Prince also referenced a study by the Center for Academic Integrity, which showed that just having an honor code at a university decreases cheating among students.

Dennis Nef, the dean of undergraduate studies, said one idea to combat repeat offenders is still in the idea phase. The program would handle a first offense of plagiarism similar to traffic school.

“So, many of our students who are caught cheating or plagiarizing, usually it’s plagiarism, claim they didn’t know that what they were doing was cheating or plagiarizing,” Nef said.

That kind of program, Nef said, would eliminate the I-didn’t-know excuse, as well as keep a paper trail.

Thomas Holyoke, a political science professor, said professors don’t do enough to teach students what constitutes plagiarism, and that may lead to an instructor’s reluctance to fill out a report.

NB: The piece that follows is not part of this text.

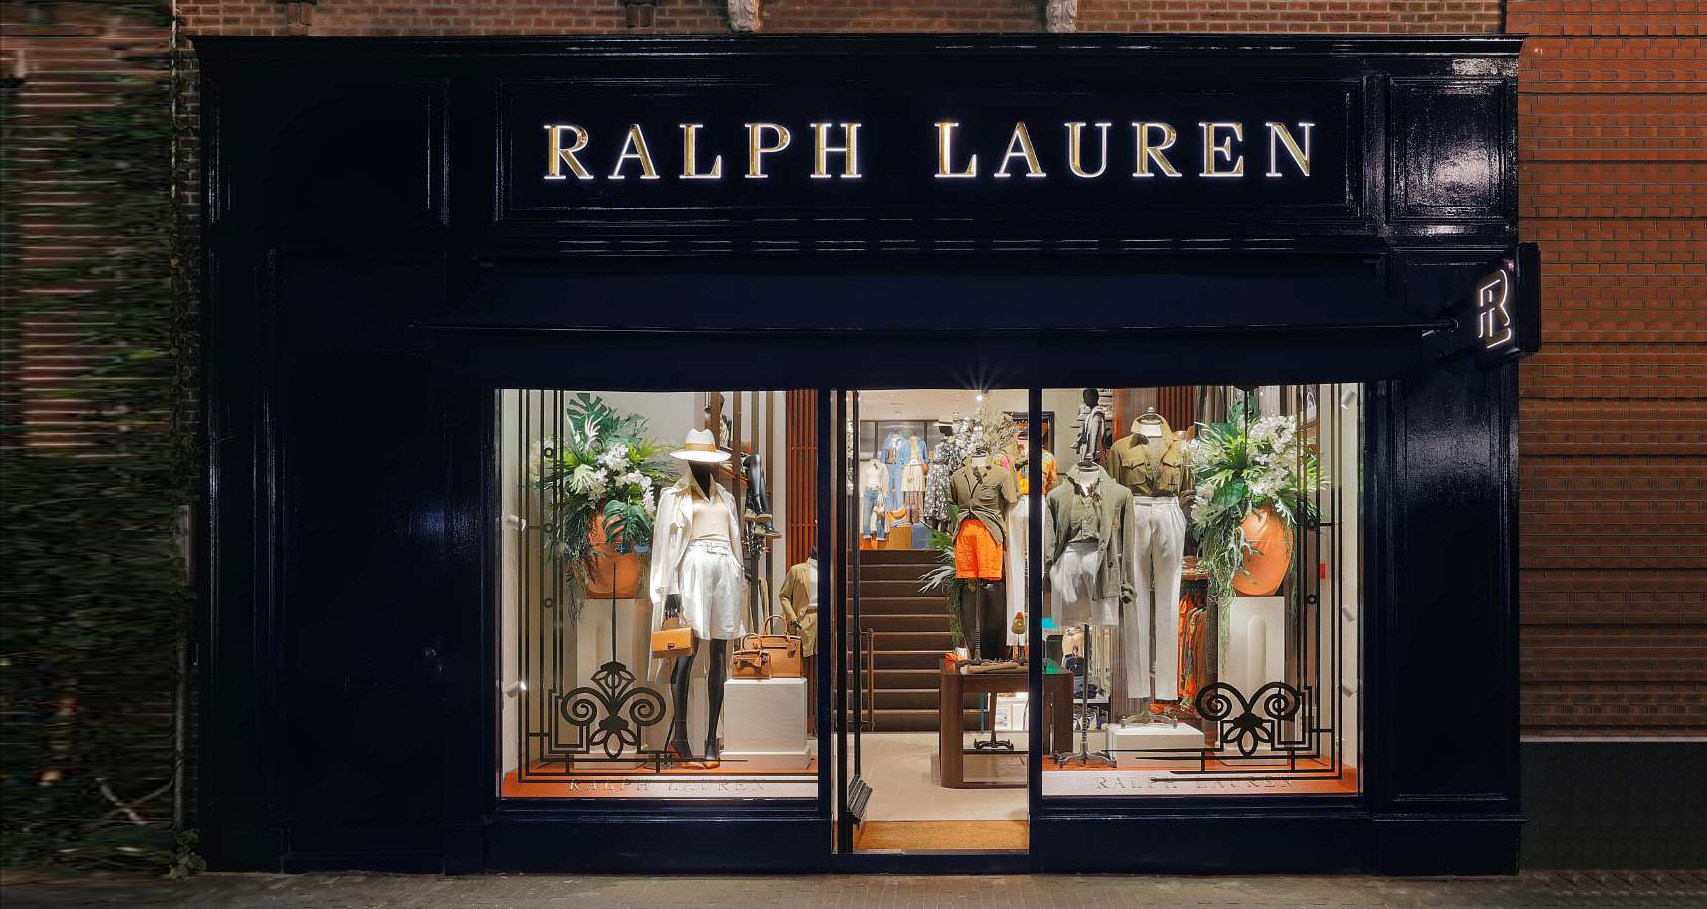 Ralph Lauren Boutique Amsterdam, The Netherlands - SPI
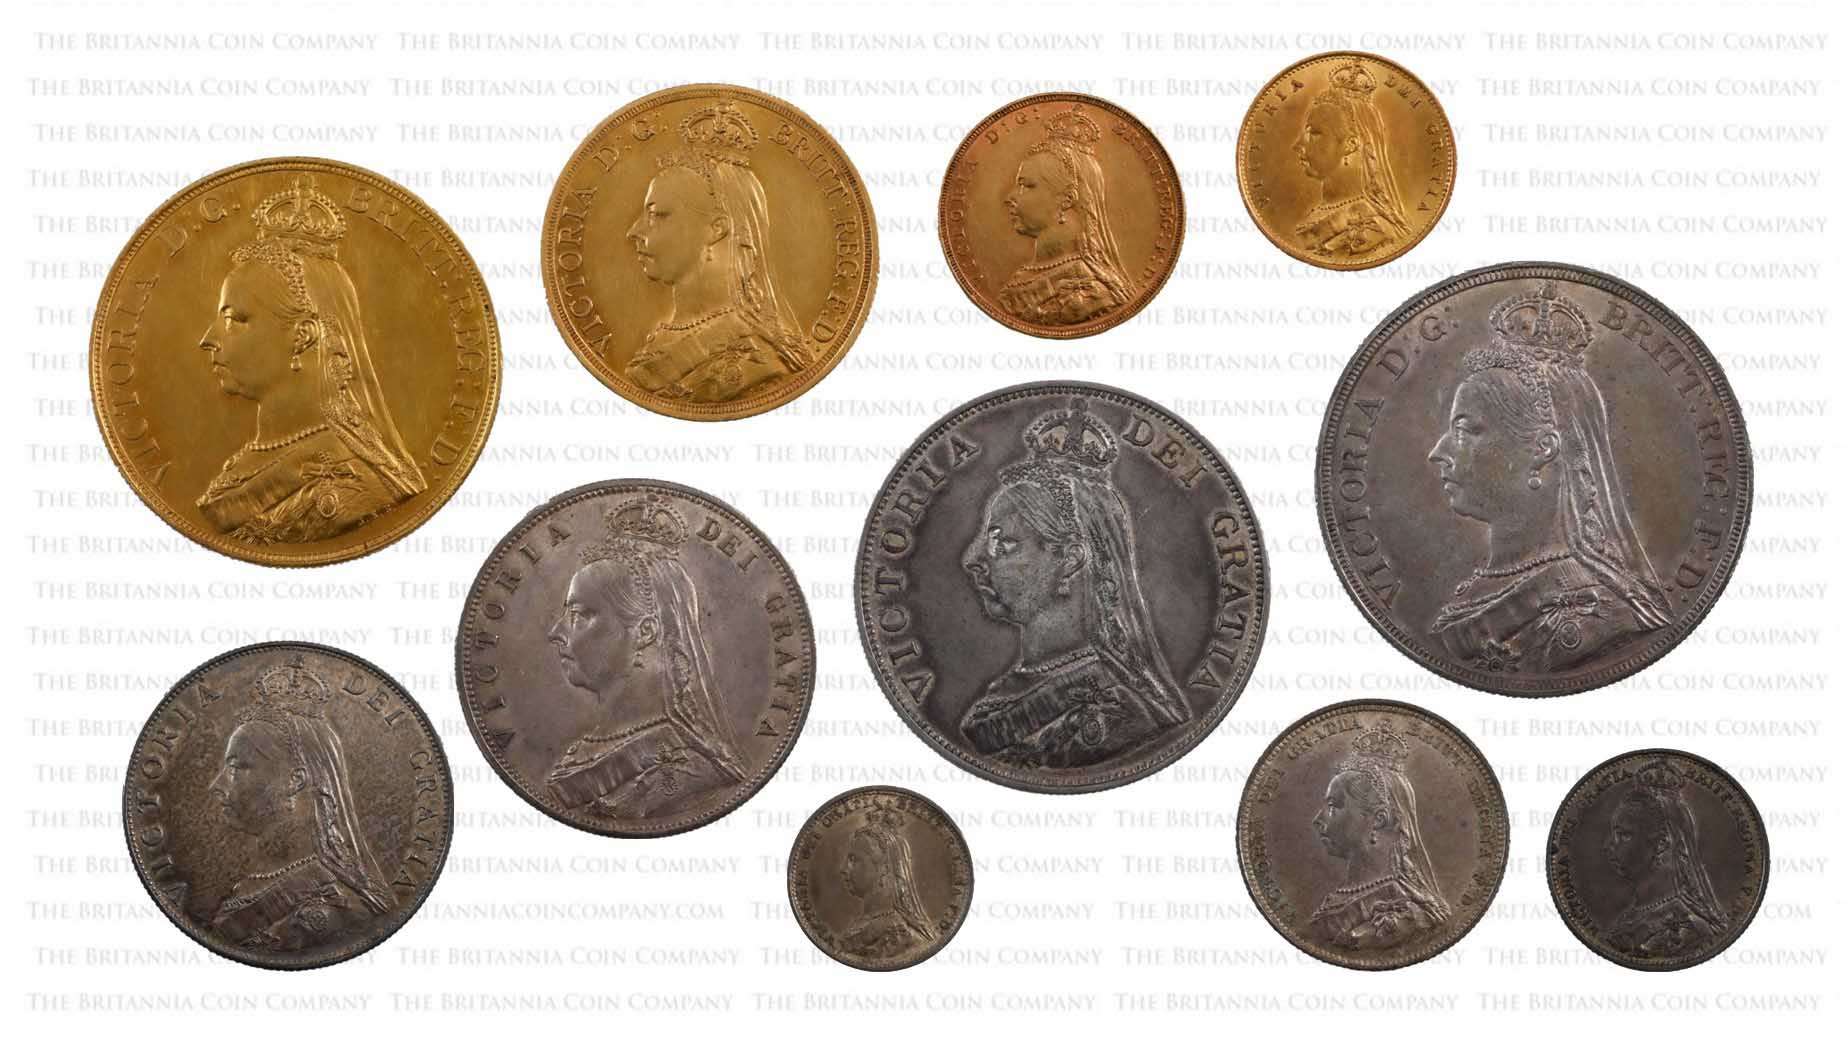 Obverse of coins with Jubilee Head in an 1887 Golden Jubilee Specimen Set.

Holyoke said he often spends the first couple of class meetings per semester going over plagiarism.

“I probably don’t talk about it enough,” Holyoke said.

Reports of cheating and plagiarism for the 2008-2009 academic year

The numbers represent the punishment received by the 162 students reported cheating or plagiarizing.

• 82 – 0 or an F for the test or assignment.

• 42 – an F for the course.

• 14 – loss of points on the assignment.

• 11 – loss of points, and a redo on the assignment.

• 4 – given a warning.

• 12 – other punishments on a case-by-case basis.